兎年で注目!今年大人気の岡崎神社を目指す散策へ
まずは京阪電車の出町柳駅からスタート。今出川通を東へ進み、万里小路通を南へ下ると京土産でも大人気の金平糖の専門店「緑寿庵清水」が見えてくる。続いて東一条通を東へ進むと、北側にはヴォーリズ建築の京都大学YMCA青年会館、さらに東大路通を越えて京都大学の正門前を過ぎると吉田神社の参道に繋がる。
吉田神社は貞観元(859)年に藤原山蔭によって創建された古社で、鬼門封じの役割も果たしてきた。室町後期には神社の宮司であった吉田兼倶が唯一神道を唱えたことから、神社界の評価を高め、全国の宮司の任命権を担ったという。
1月半ばからは節分祭の準備に取り掛かって境内が活気づいてきた。福引付きで大人気の節分の豆も、実はこの頃から社務所で販売されている。
全国の3132柱が祀られている斎場所大元宮を過ぎて、竹中稲荷神社の鳥居をくぐると、左手には竹中稲荷神社への参道、右手は宗忠神社の境内へと入れる。幕末に黒住教を創始した黒住宗忠をご祭神としており、文久2(1862)年に創建された。
朝廷内での崇敬が厚く、孝明天皇の唯一の祈願所となった歴史を持つ。表参道が桜と楓の隠れた名所であり、そこから進んで第57代陽成天皇の御陵を過ぎると真如堂の入口にたどり着く。
真如堂は永観2(984)年に戒算上人によって創建された天台宗寺院で、本尊は慈覚大師作の「うなずきの弥陀」だ。慈覚大師が民衆、特に女性をお救いくださいますか?と尋ねると、首を大きく縦に振った逸話から名がついた。ご開帳は11月15日の1日のみ。紅葉が美しくなる時期なので、ぜひその日にも訪れたい。本堂の奥には有料拝観のエリアもあり、涅槃の庭、隨縁の庭という二つの名庭と襖絵を楽しむことができる。
その後は、墓地の横を抜けて金戒光明寺を目指す。塔頭寺院である西雲院が管理する会津墓地の横を過ぎると、徳川秀忠の菩提を弔うために建立された三重塔が見えてくる。こちらから西方への景色は、西方浄土を意識させるような抜群の景色となっている。階段を降り切る直前右手には、近年盛り上がった髪型が人気の五劫思惟阿弥陀仏もあるので見逃さないようにしたい。
金戒光明寺は法然上人が承安5(1175)年に比叡山を降りて、この地で最初に念仏をあげたことに由来し、徳川家の保護も受けて浄土宗の大本山のひとつとして栄えてきた。

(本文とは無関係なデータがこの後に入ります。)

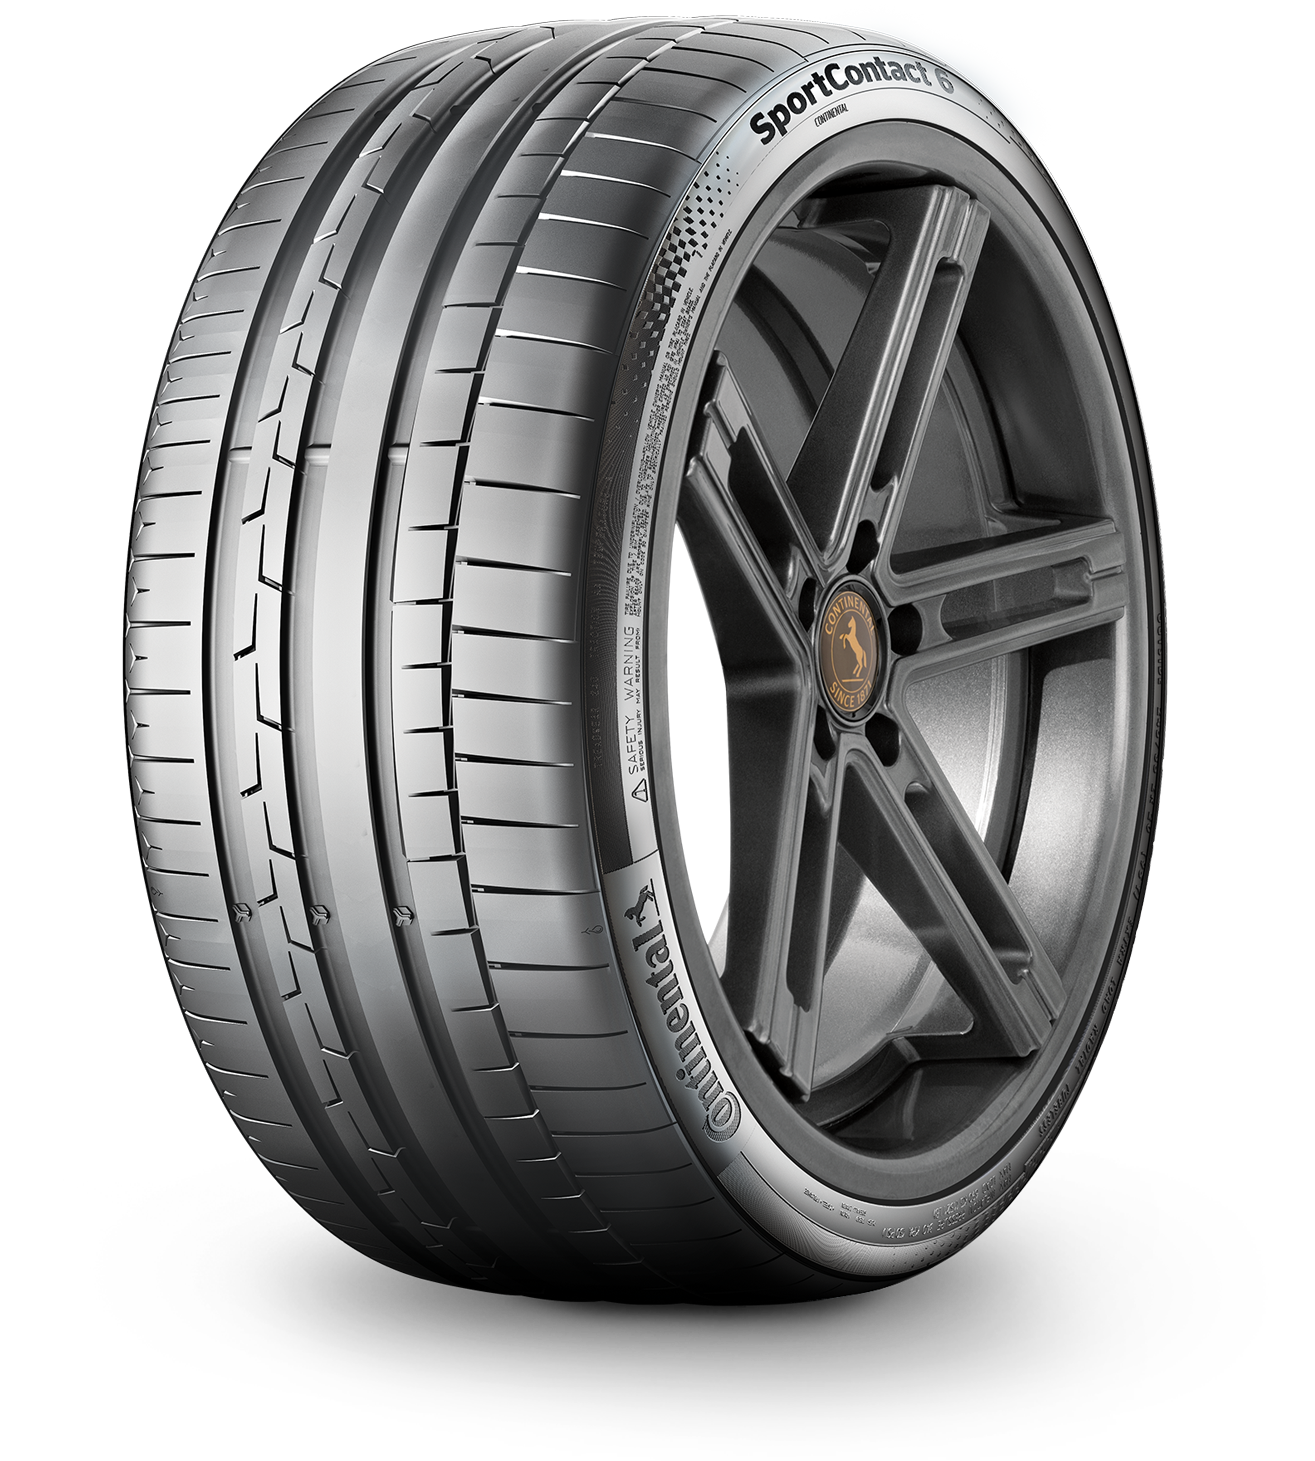 Continental Sport Contact 6 - Tyre Reviews and Tests
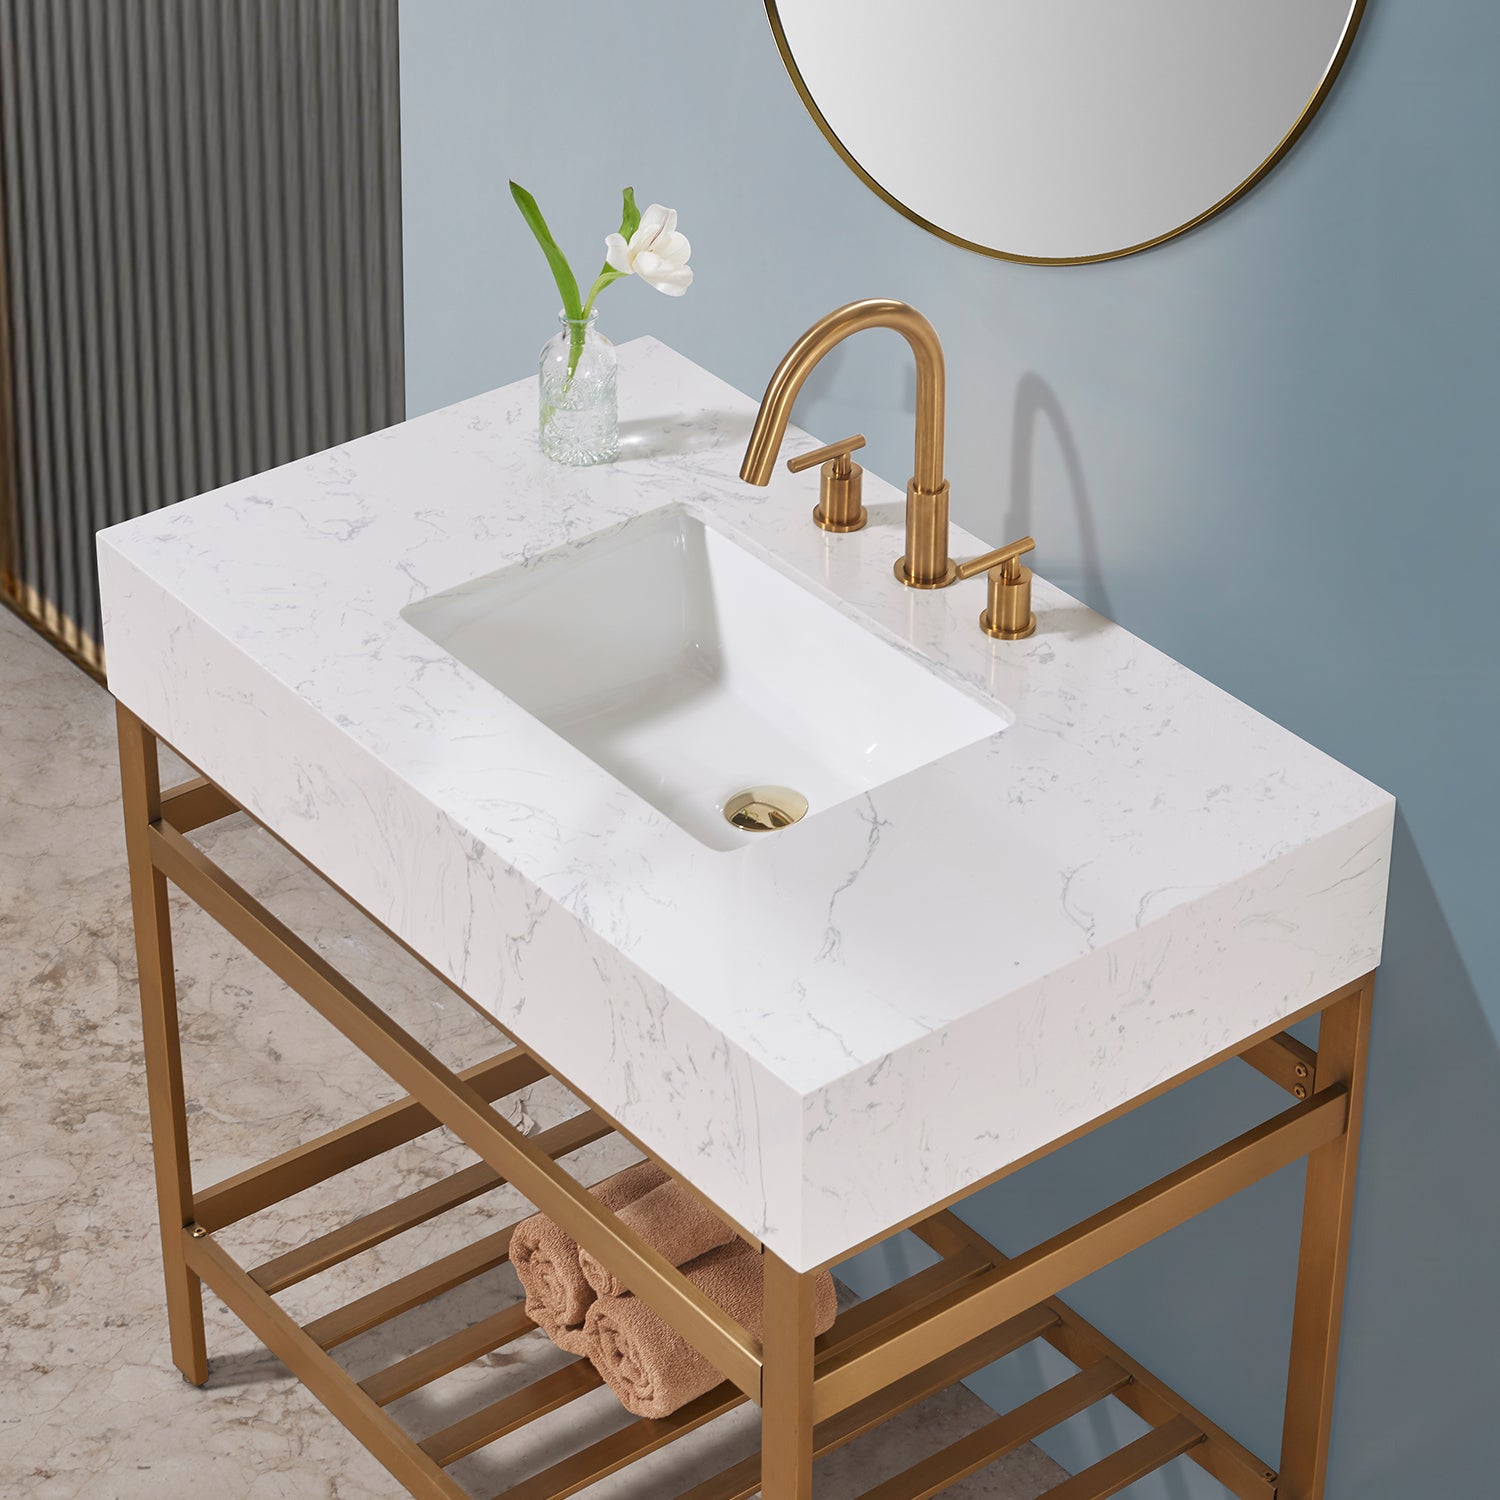 Merano 36" Single Stainless Steel Vanity Console with Aosta White Stone Countertop

幕末には会津藩が1000名の藩兵を率いて京都守護職の本陣を置いたことでも知られる。昭和19年再建の御影堂には法然上人像、慶長10(1605)年再建の阿弥陀堂には恵心僧都の最後の作とされる「お止めの如来」が祀られている。御影堂前の熊谷次郎直実の鎧掛けの松や、美しく飾られた花手水など見所がつきない。
そしていよいよ金戒光明寺の南門を潜って岡崎神社へ。平安京創建当初から東を守る東天皇社として創建され、八坂神社と同じスサノオノミコトを祀ってきた。周辺に野兎が多く生息していたことから兎が神使いとなり、境内に多くの兎が配置されていることから、今年は干支参りで大人気となっている。
兎は多産であることから安産のご利益、さらにスサノオノミコトが妻の櫛稲田姫と見事に結ばれたことから縁結びとしても人気だ。ぜひこの1月2月中に訪れてみてほしい。